C’est ainsi que nous avons cherché à comprendre la différence entre les « parcours de vie », qui diffèrent des « parcours de soin » en ce qu’ils intègrent le passage par le secteur médico-social voire par la prise en charge informelle, tels qu’ils sont prévus officiellement, voire théorisés par les acteurs institutionnels, et les passages effectifs d’une configuration à une autre. On utilisera donc les termes de la façon suivante : le terme « parcours » fera référence à l’idéologie officielle du parcours telle qu’elle a été décrite plus haut ; le terme « trajectoire » fera référence à une lecture sociologique des biographies, rendant compte de micro-mobilités ascendantes ou descendantes plus nombreuses et plus désordonnées que dans une société caractérisée par une certaine stabilité statutaire ; et nous utiliserons le terme « passage » pour décrire précisément ce qui se passe lors des orientations ou des réorientations d’un dispositif à un autre, voire à une absence de dispositif.

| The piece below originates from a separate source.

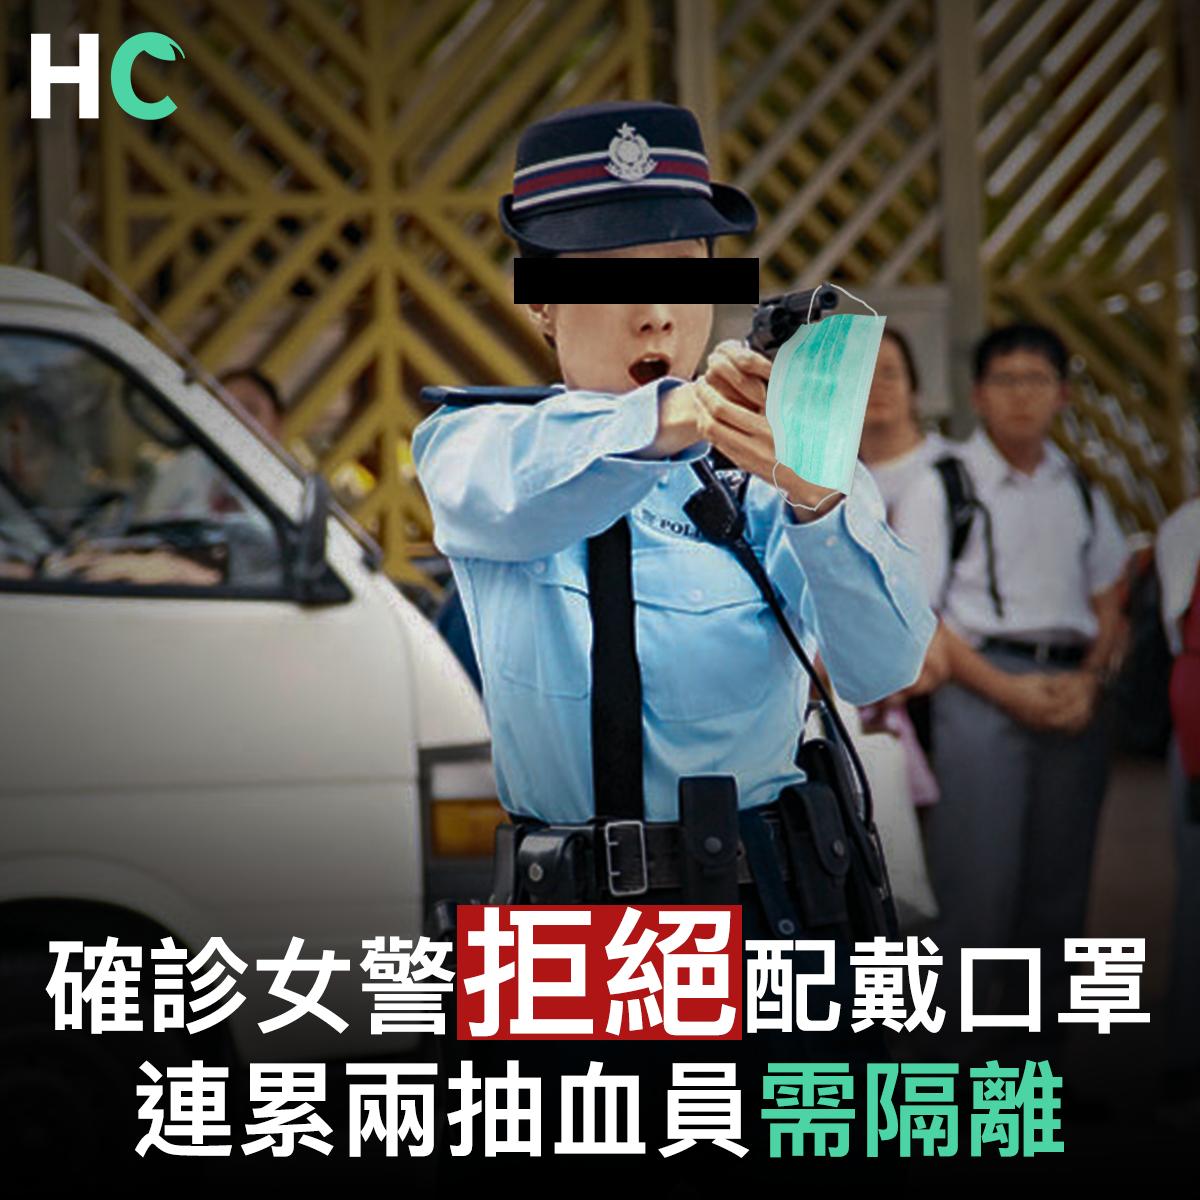 【#武漢肺炎】確診女警拒絕配戴口罩 連累兩抽血員需隔離

En d’autres termes, si le « parcours de vie » représente une alternative à un parcours institutionnel, souhaitée par les institutions, qui permette de transformer les manques et les dysfonctionnements institutionnels en « accidents de parcours individuel », une trajectoire est faite de la succession – finalement dotée de significations – de passages d’une configuration de prise en charge à une autre, chacun de ces passages pouvant être observé à l’échelle des relations au sein du milieu professionnel, et en lien avec les perceptions croisées de la situation par les différents protagonistes du processus de décision, patients et proches compris.